Key Risks & Red Flags
- The system is built using open-source tools (Google Sheets, Apps Script) and AI APIs — not a scalable or enterprise-grade architecture.
- It is described as a prototype with no commercial traction or user base.
- The author is a single individual (team size: 1), which raises concerns about execution capacity.
- There is no evidence of revenue, customers, or product-market fit beyond the author’s own use case.
Inference: The project may be too early-stage to pose significant risk, but lacks commercial viability indicators and scalability potential.
Diligence Questions To Ask The Founders
- What specific metrics are used to evaluate the accuracy of SignalPilot’s recommendations?

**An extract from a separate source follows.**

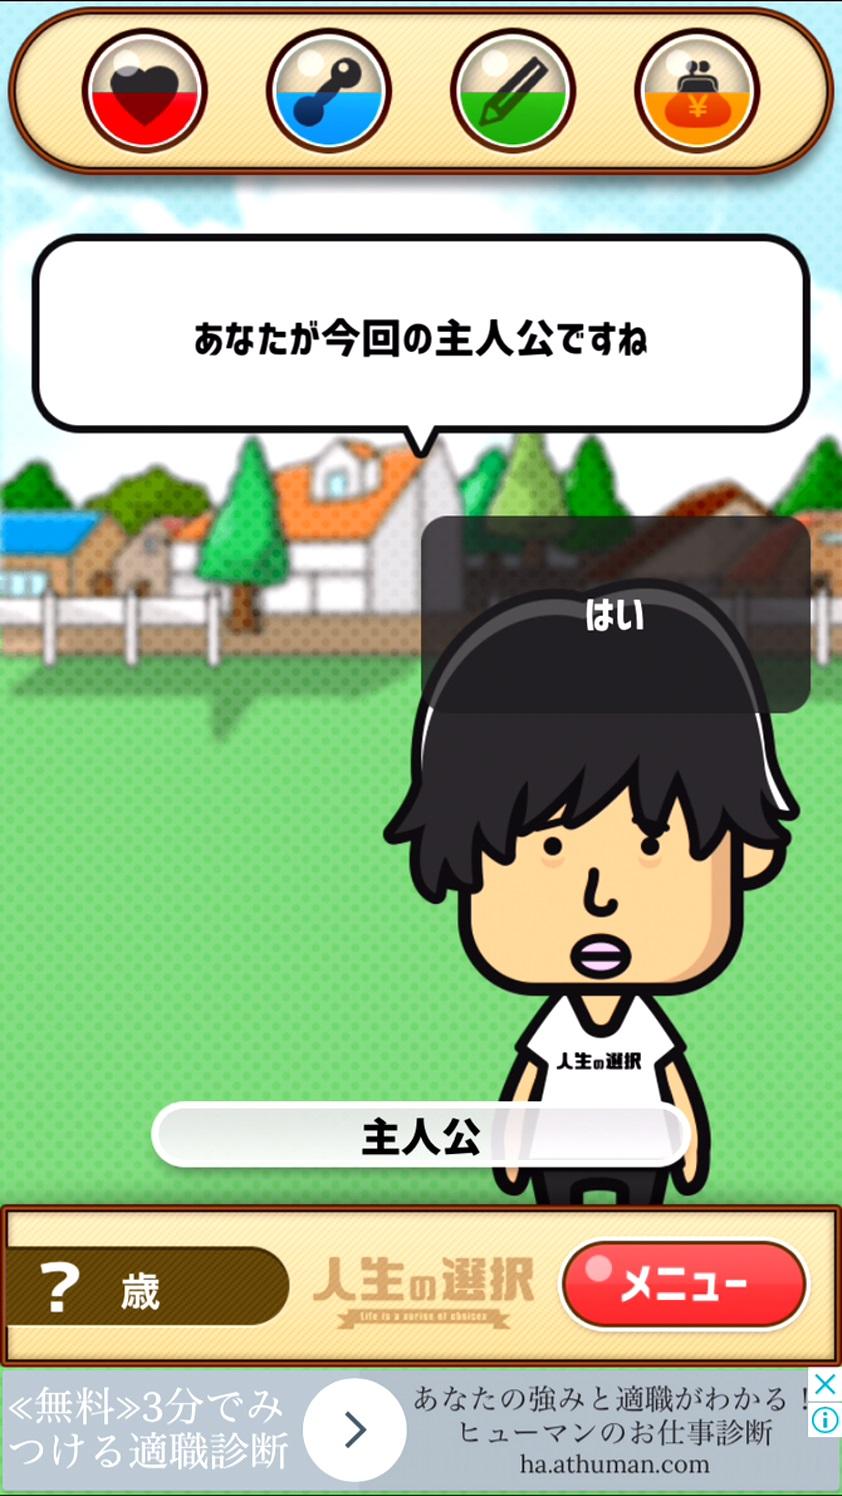 ライフカード-人生の選択- 探索型二択ゲーム androidアプリスクリーンショット1

- How is the system validated or tested beyond the author's own portfolio?
- Are there any plans for monetization or user acquisition strategies?

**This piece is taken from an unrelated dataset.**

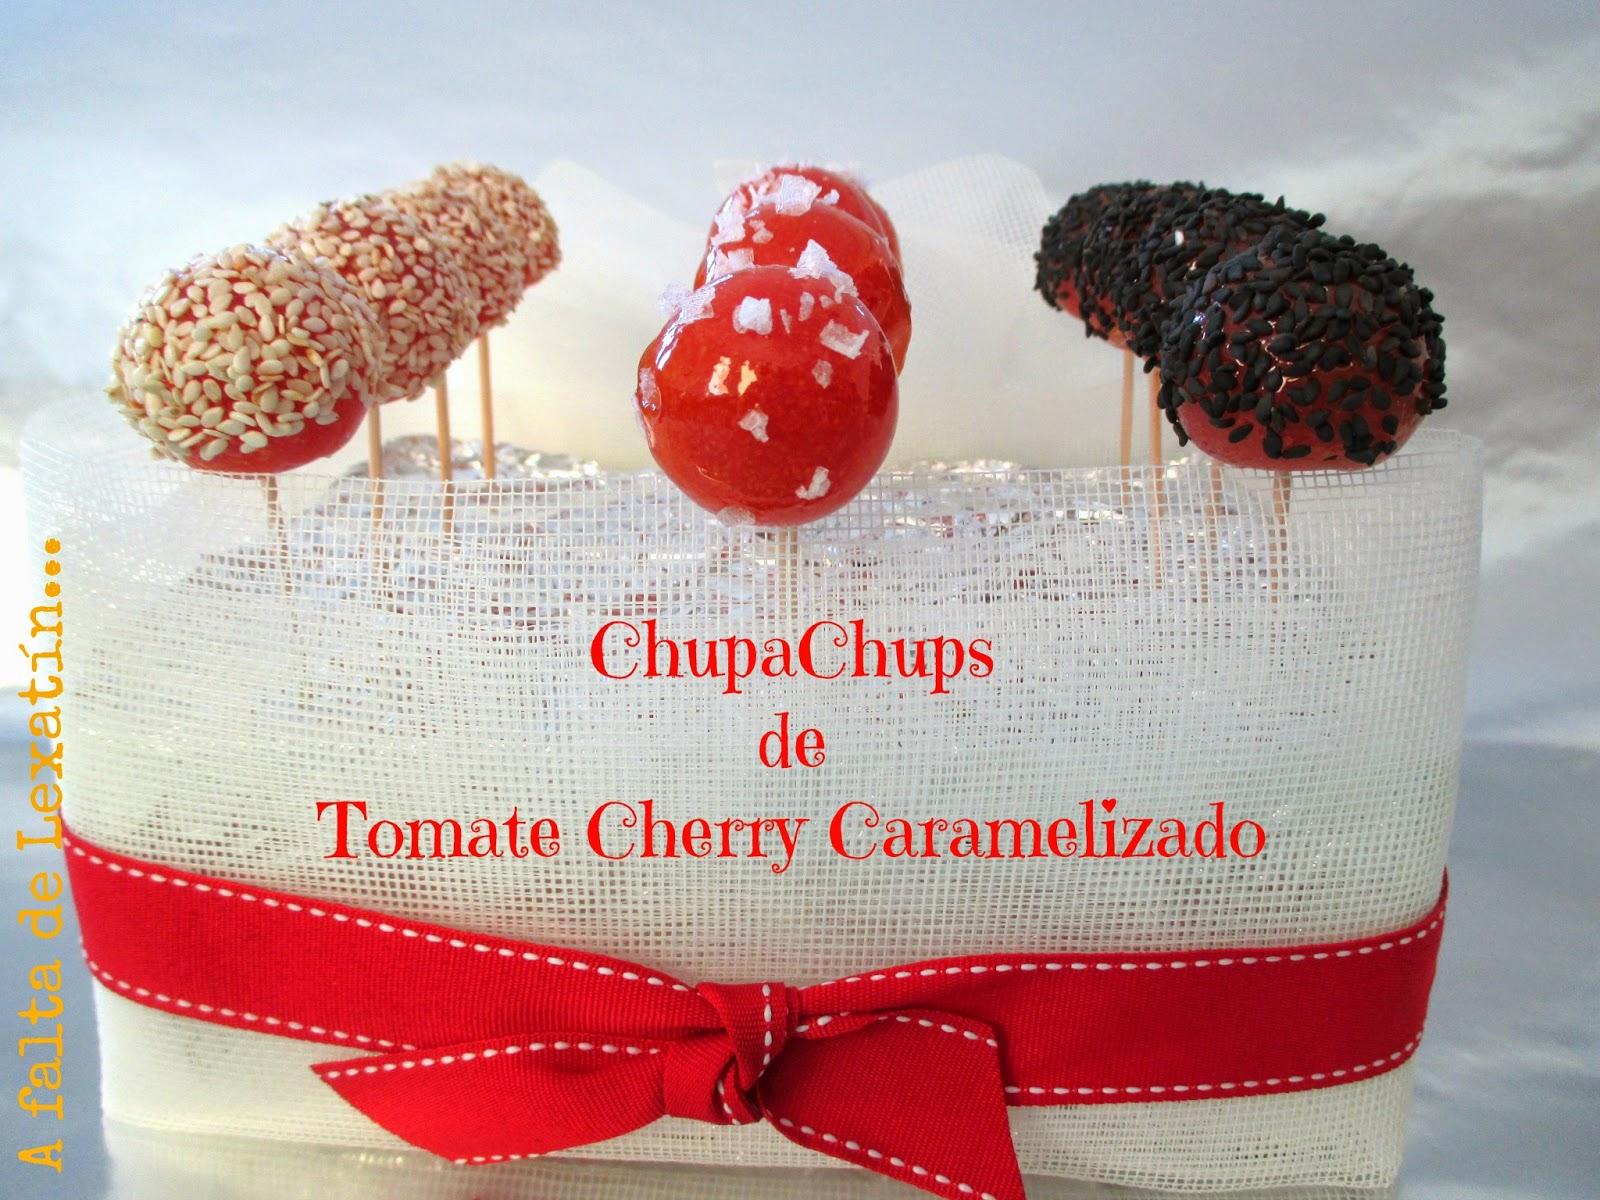 Chupachups de Tomate Cherry caramelizado

- What are the key assumptions underlying the AI decision logic, and how are they tested?
- How does SignalPilot handle edge cases or unexpected market behavior?
- Is there a plan to move beyond the current spreadsheet prototype into a full-fledged product?
Investment/Partnership Verdict
- Not evidenced: No financials, traction, or commercial performance data available.
- The project is described as a hackathon submission that evolved into a working prototype.
- It shows early signs of conceptual clarity and execution capability but lacks evidence of real-world adoption or scalability.
- The author’s focus remains on building and validating the decision engine before launching a consumer-facing app.
Verdict: Early-stage, unproven concept with potential for development. Not ready for investment or partnership without further validation of traction, product-market fit, and commercial viability.
Source
Submitted to the OpenAI 2026 hackathon on Devpost. Project home on DevPost.
The analysis above was generated by a language model from the project's own one-line description. It is not independent research and contains no verified traction, revenue or customer data.